What does this pair with? I find ->newest usage in:

  - later this function with an MB6 comment
  - remove_oldest_descr() with no comment
  - expire_oldest_data() with an MB2 comment
  - get_new_lpos() with no comment
  - data_reserve() with an MB2 comment
  - prb_iter_next_valid_entry() with no comment
    (and the smp_rmb()s have no clear comments either).

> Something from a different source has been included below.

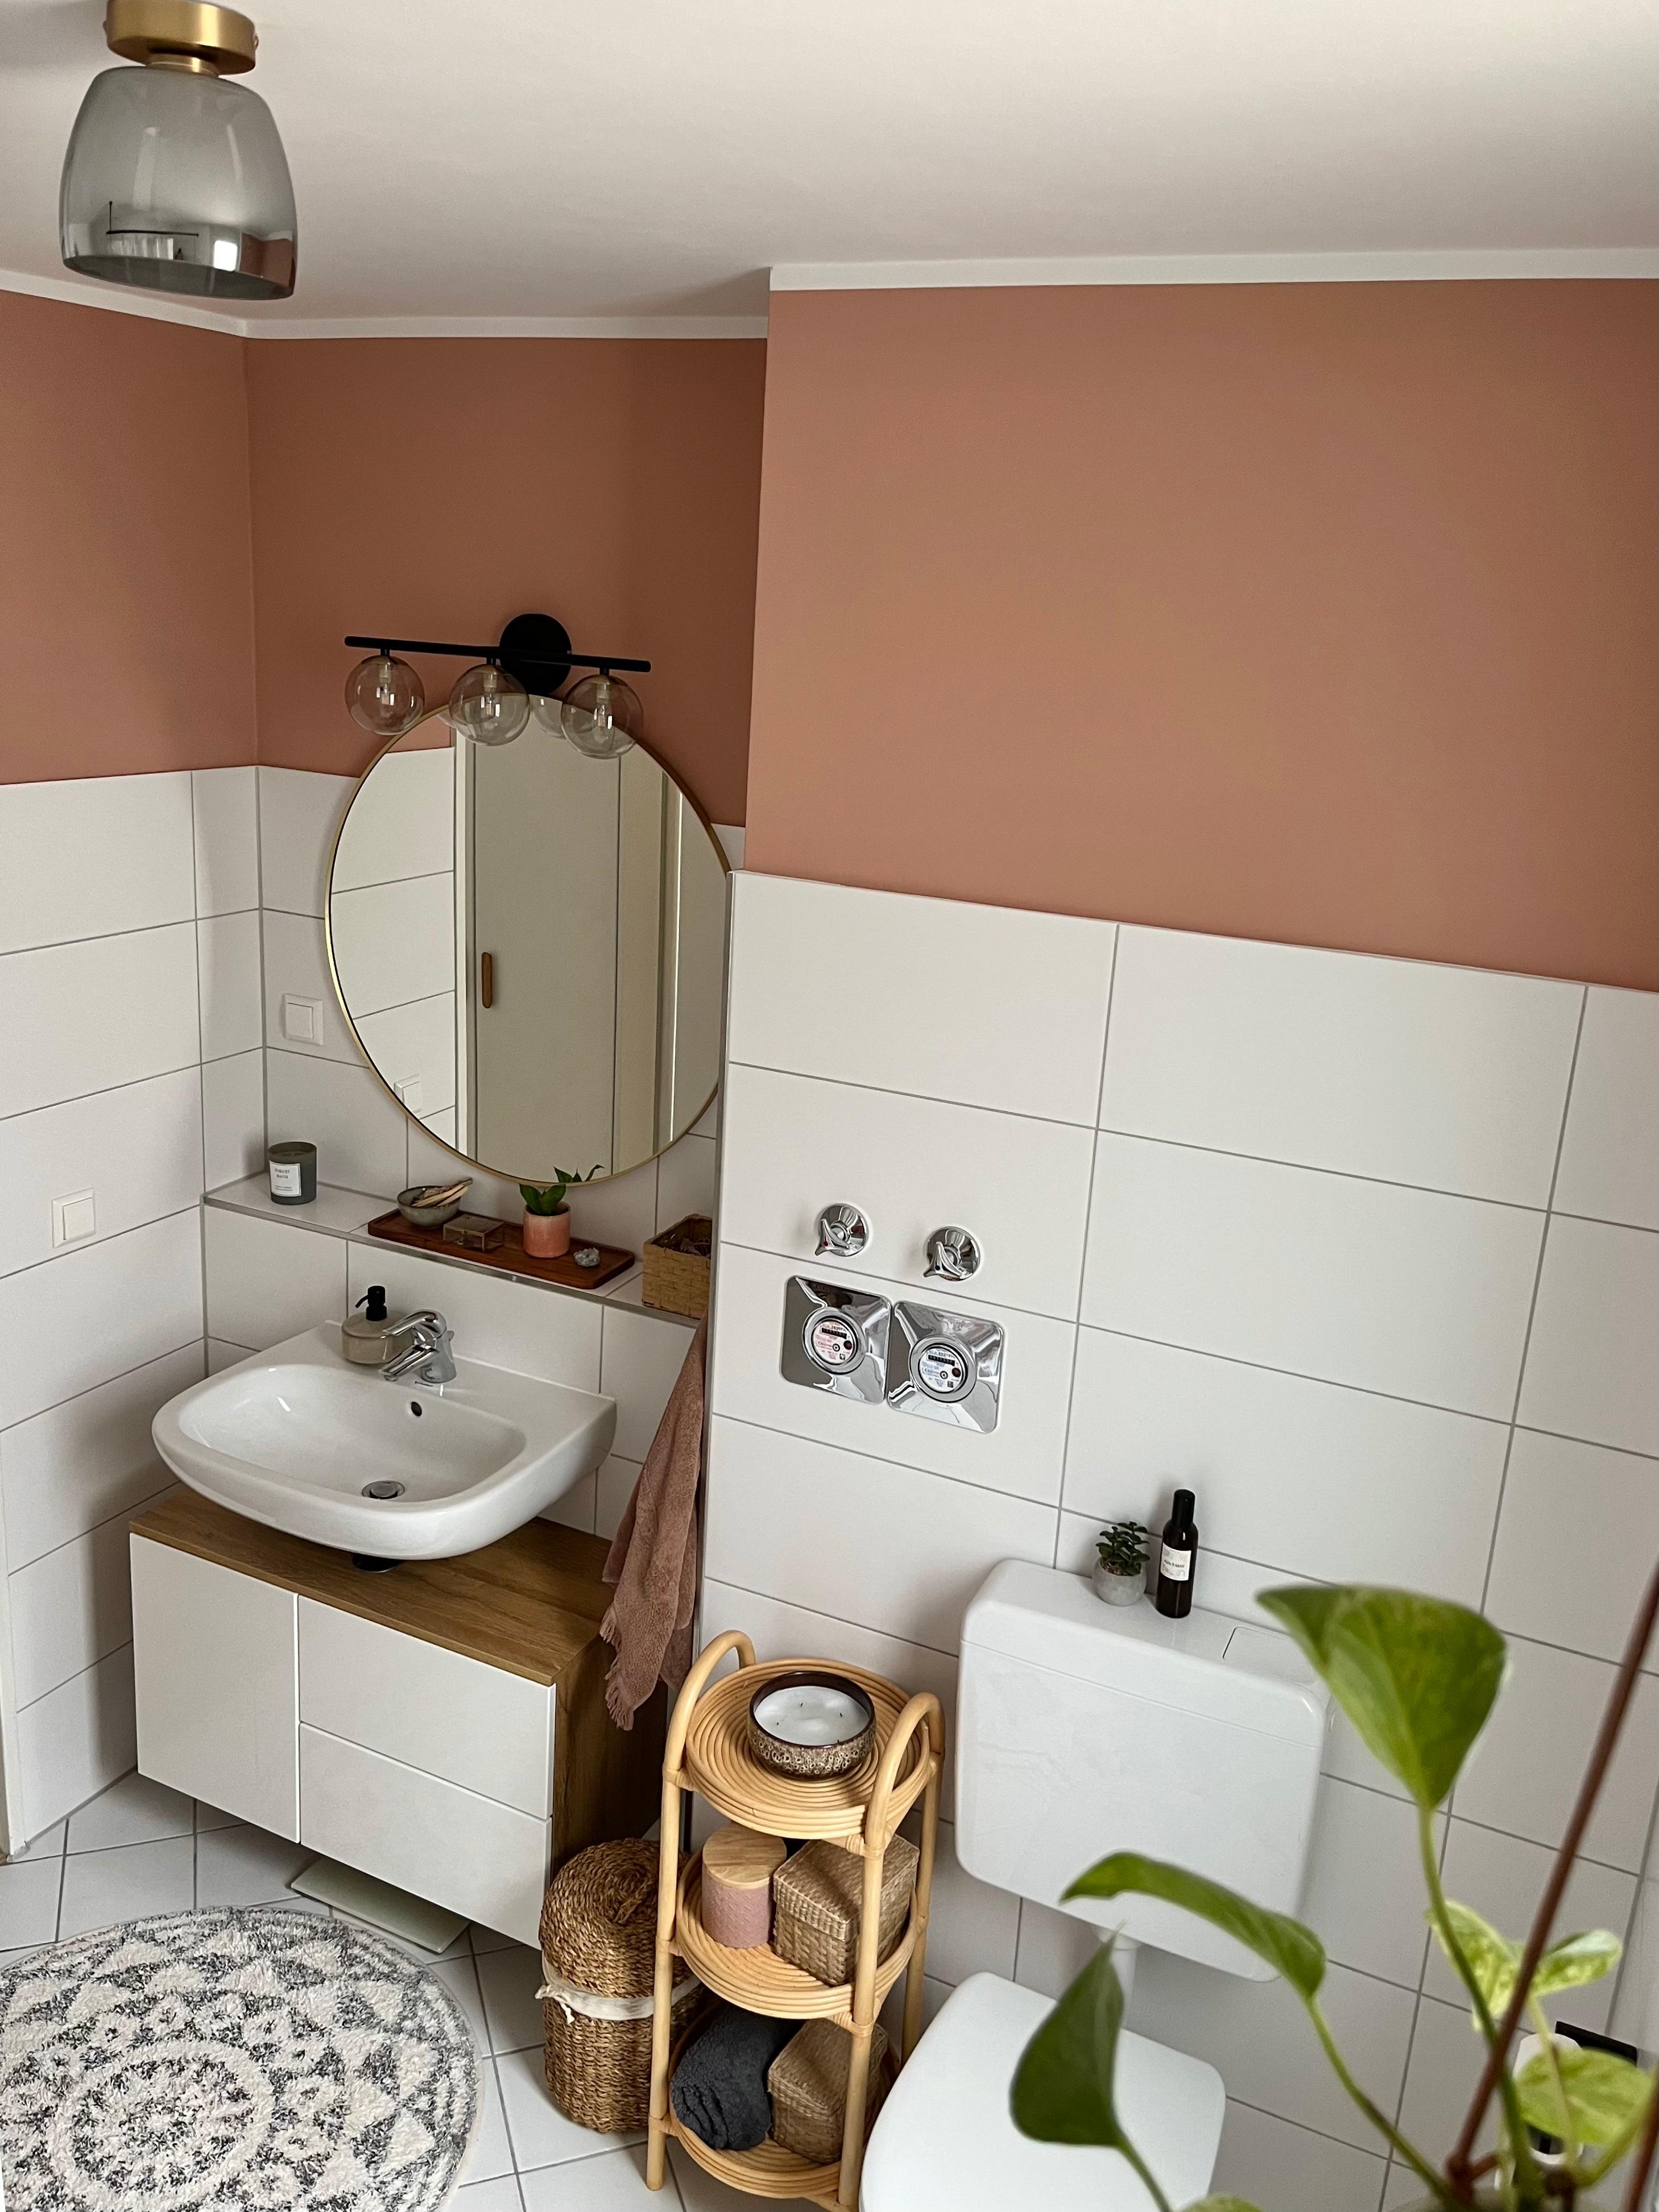 Trendfarbe Marokko von Schöner Wohnen 😍 Macht das Bad direkt wohnlicher 🙌 #mietwohnung #badezimmer #wandfarbe

In short; I've no frigging clue and I might as well just delete all
these comments and reverse engineer :-(

> +
> +	if (unlikely(newest_id == EOL)) {
> +		/* no previous newest means we *are* the list, set oldest */
> +
> +		/*
> +		 * MB UNPAIRED

That's a bug, MB must always be paired.

> +		 *
> +		 * In particular: Force cmpxchg _after_ cmpxchg on newest.
> +		 */
> +		WARN_ON_ONCE(cmpxchg_release(&l->oldest, EOL, e->id) != EOL);
> +	} else {
> +		/* link to previous chain */
> +
> +		/*
> +		 * MB6: synchronize link descr
> +		 *
> +		 * In particular: Force cmpxchg _after_ cmpxchg on newest.

But why... and who cares.

> +		 */
> +		WARN_ON_ONCE(cmpxchg_release(&newest_d->next,
> +					     EOL, e->id) != EOL);
> +	}
> +}